NBISweden / LocalEGA

Please go to to https://github.com/EGA-archive/LocalEGA instead
Apache License 2.0
4 stars 1 forks source link

Database schema isolation and Security #366

Closed silverdaz closed 6 years ago

silverdaz commented 6 years ago

This PR improves the database in 3 ways:

All connection types (whether local or over the network) require a password (and we use stronger password hashing) and we enforce SSL communication.

Security can be further enhanced by restricting the connection type to a particular network, or user. (and of course, there is IPTables and other packet filtering). But for the moment, the latter is left aside.

silverdaz commented 6 years ago

Connected data-out issue #12

silverdaz commented 6 years ago

The two schema files audit.sql and main.sql should not be in the docker sub-tree. I think we should have a schema, db-schema or sql (or something) subdirectory in the root of the project for these things.

Yes, there were indeed in the top directory before, when we had the openstack deployment too.

Since it seems that we only support docker-based deployments, and that every site has written their own script to piece the things together, I have moved them back again in the docker tree.

After all, theses schemas are just a setup for that docker database, not an already existing database, part of a bigger infrastructure, with other network and users constraints... Only the code should somehow reflect the database structure/schema, and that's done with views.

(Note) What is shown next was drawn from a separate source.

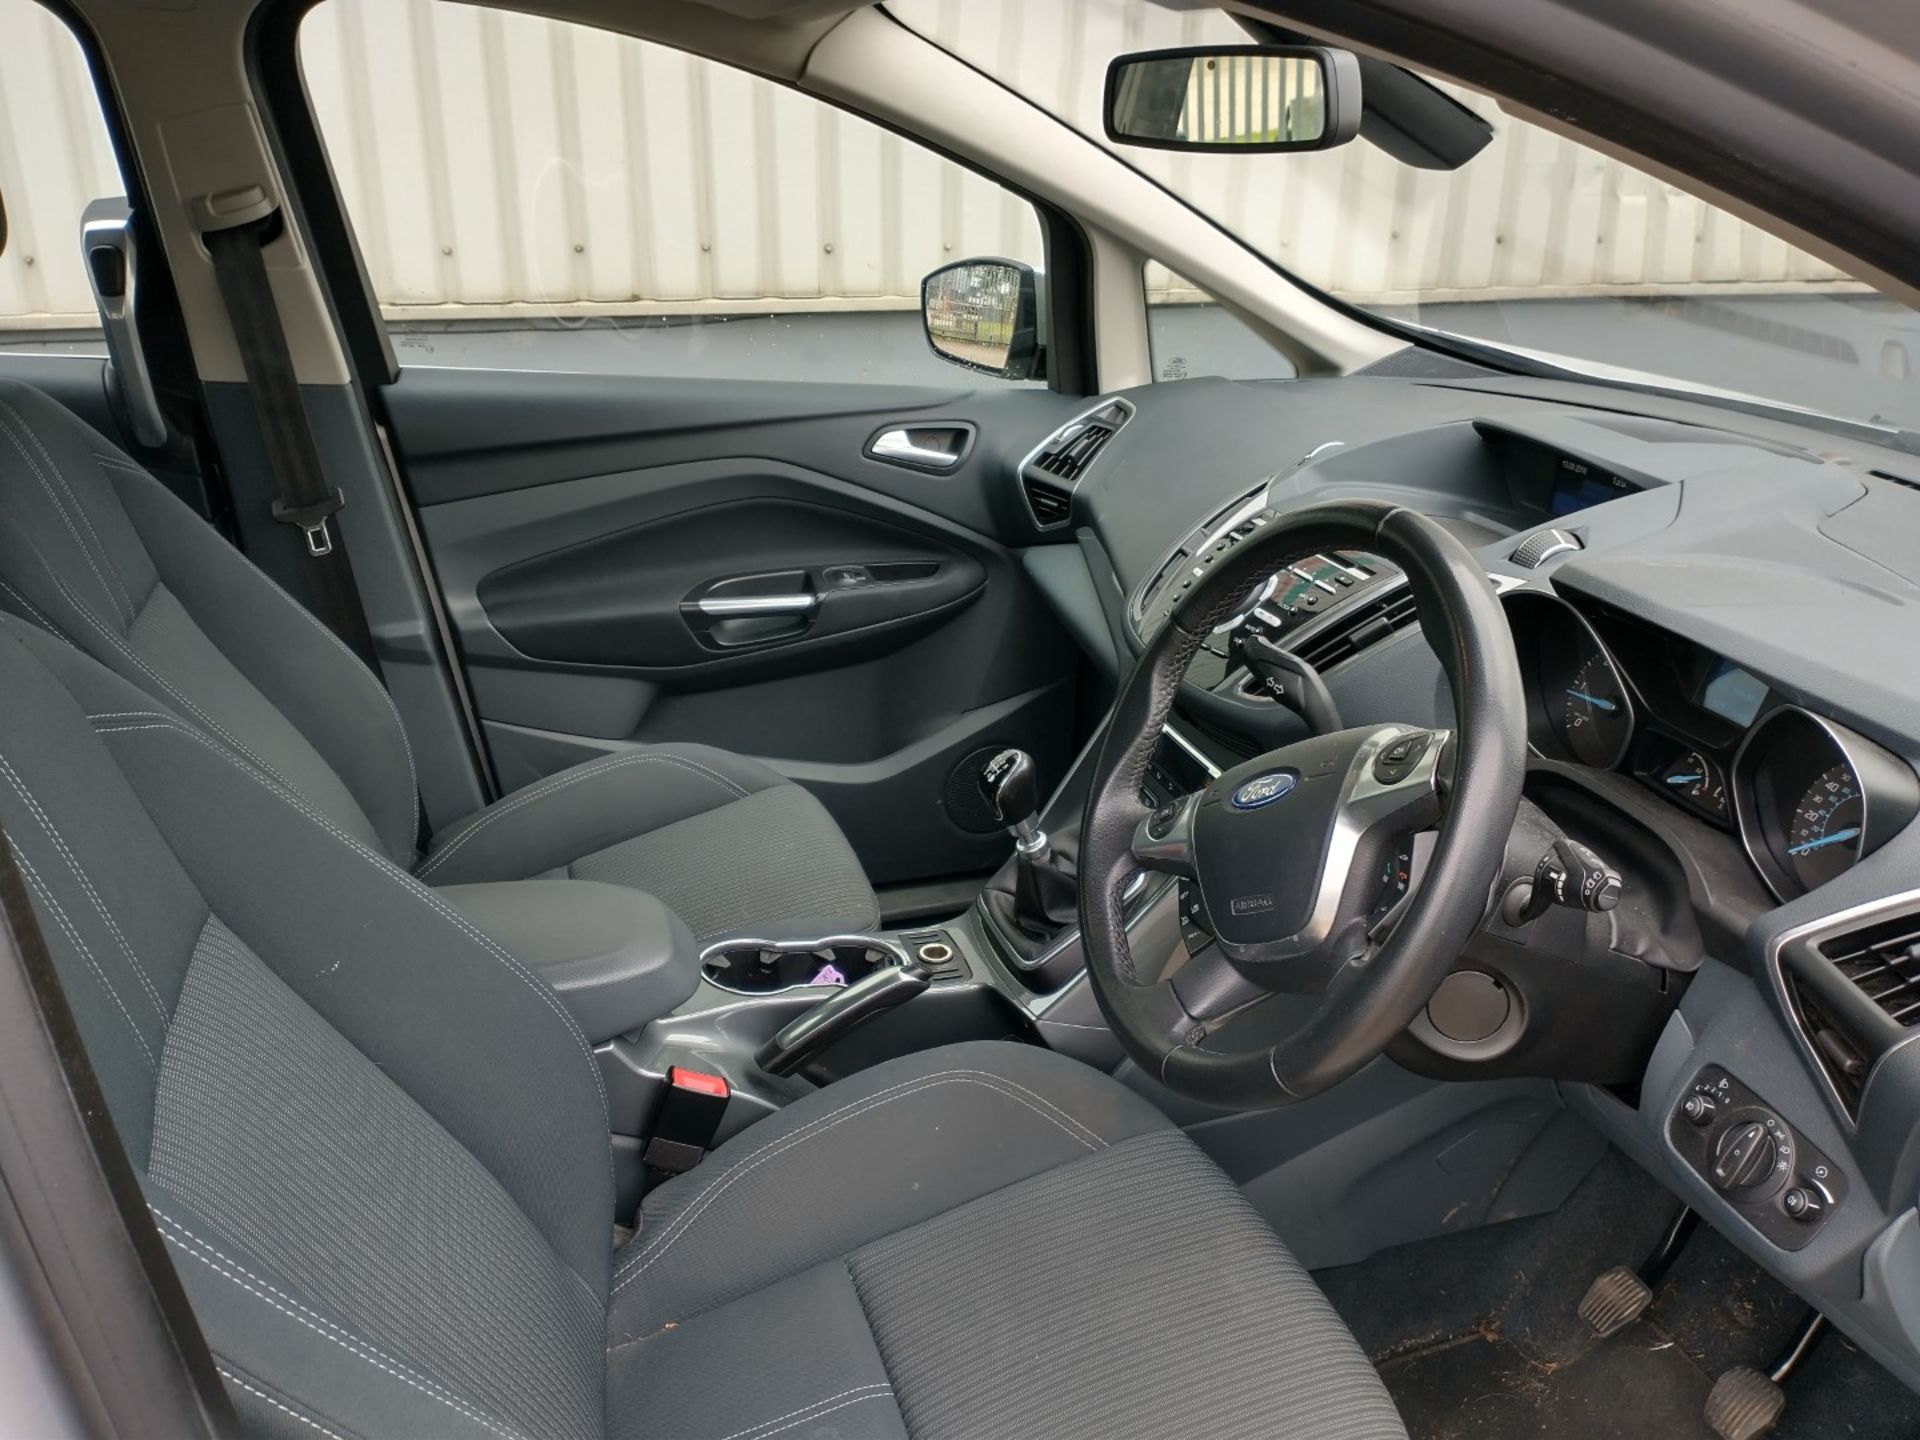 2012 Ford Grand C-Max Titanium Tdci 115 7 Seat MPV - CL505 - Ref: VVS0002 - NO VAT ON THE HAMMER - L - Image 3 of 20

viklund commented 6 years ago

Regarding sql-file location.

I think it is helpful for people using the project if a reasonable default schema can be found somewhere in the root of the project. I mean some of our application code actually depends on that there are certain functions in the database. If it is in the root, you can just document what are tables just for the test-instance to get it running and what are structures that are actually needed for the application to run.

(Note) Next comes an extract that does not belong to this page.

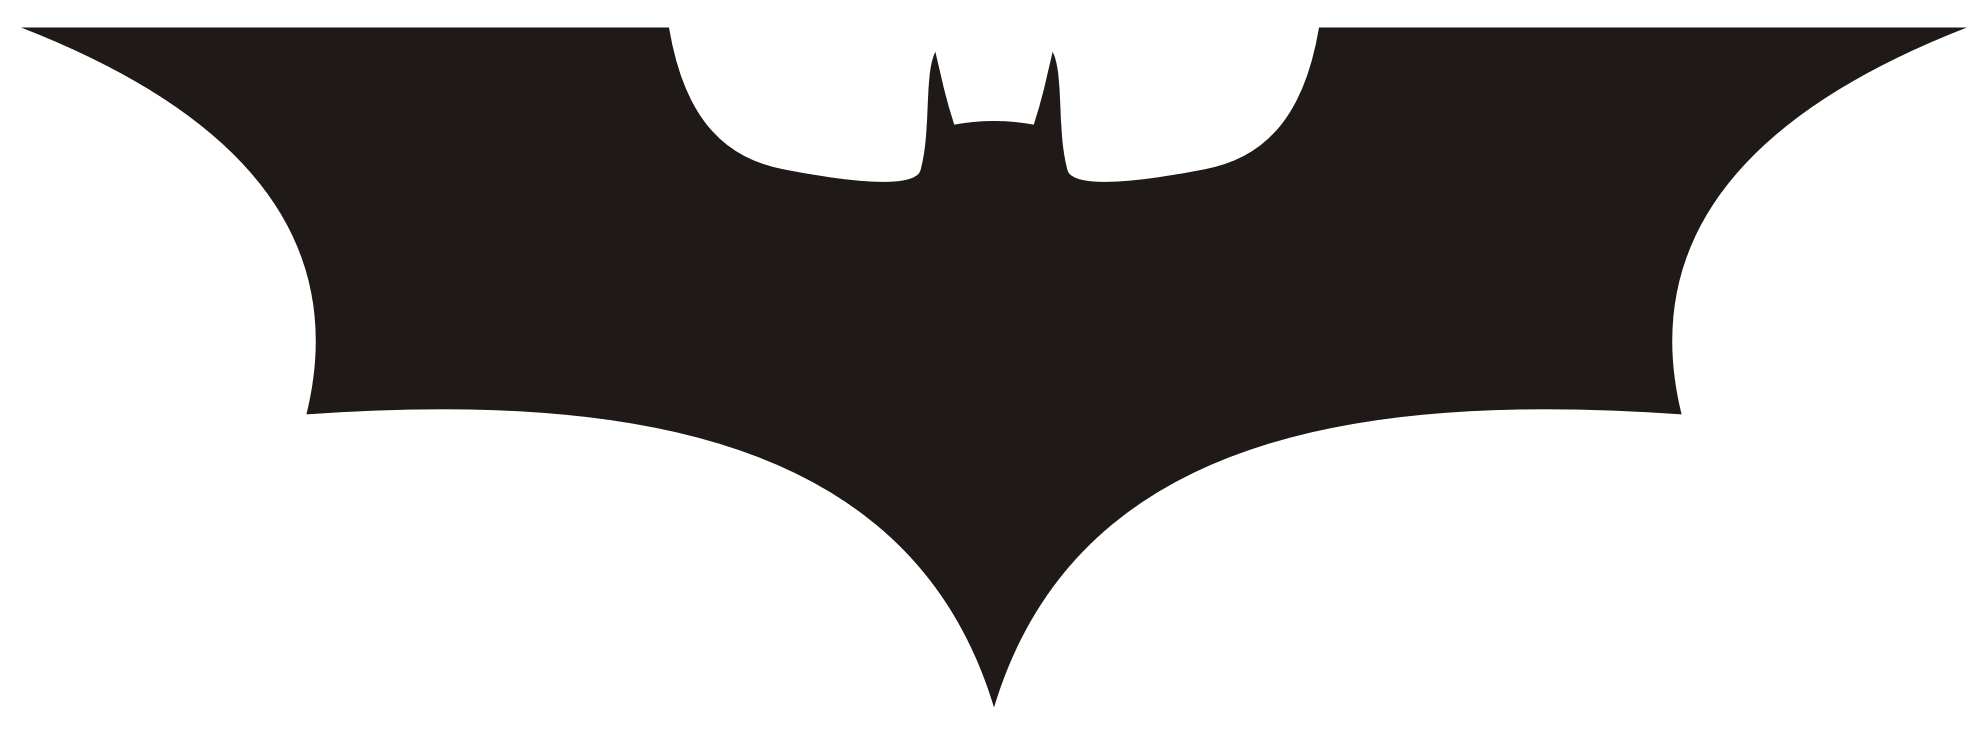 Amazing BATMAN TATTOO ART From Around The World! - All About Batman

silverdaz commented 6 years ago

What do you say about a readthedocs page with the description of the views? Maybe a good step towards those interfaces between components?

That page would not need to talk too much about the read-only user, or the underlying tables. (Or well, in a subsection, if someone is interested in it)

viklund commented 6 years ago

A readthedocs page about the datamodel and such would be excellent. But it's not a replacement for having the default SQL files it in the root of the project :).

silverdaz commented 6 years ago
blankdots commented 6 years ago

@silverdaz @viklund can we fix the conflicts and integration tests, in order for us to merge this?

blankdots commented 6 years ago

got a bit further:

ingest         | [lega.utils.db][DEBUG ] (L162) Updating status file_id 1 with "In progress"
ingest         | [lega.utils.db][ERROR ] (L252) Exception: <class 'psycopg2.IntegrityError'> in /usr/lib/python3.6/site-packages/lega/utils/db.py on line: 283
ingest         | [lega.utils.db][ERROR ] (L255) IntegrityError('insert or update on table "main" violates foreign key constraint "main_status_fkey"\nDETAIL:  Key (status)=(In progress) is not present in table "status".\n',) (from user: False)
ingest         | [lega.utils.db][DEBUG ] (L142) Setting error for 1: insert or update on table "main" violates foreign key constraint "main_status_fkey"
ingest         | DETAIL:  Key (status)=(In progress) is not present in table "status".
ingest         |  | Cause: None
ingest         | [lega.utils.db][DEBUG ] (L262) Catching error on file id: 1
silverdaz commented 6 years ago

Great job fixing the other bits! I leave it up to you to remove the Don't Merge tag and do merge.

blankdots commented 6 years ago

In order to merge this we need to decide on:

silverdaz commented 6 years ago

@blankdots: The last 2 bullet points are indeed not updated by this PR. You can do either way: Update now and merge, or make another PR later to update the part related to ebi.sql.

About the 2 first points: This entrypoint is related to a local deployment. You might indeed have your own database, with different requirements, and that is the job of the local instance to adjust it. This PR, in some sense, tells you what the minimum is.

Regarding version 10, I'm using it and I don't see any issue, so, please let me know, here or through another channel, what the issues are. Either we fix them in this PR, or we do it in a later one, since the integration seems to pass. After all, it's green, isn't it?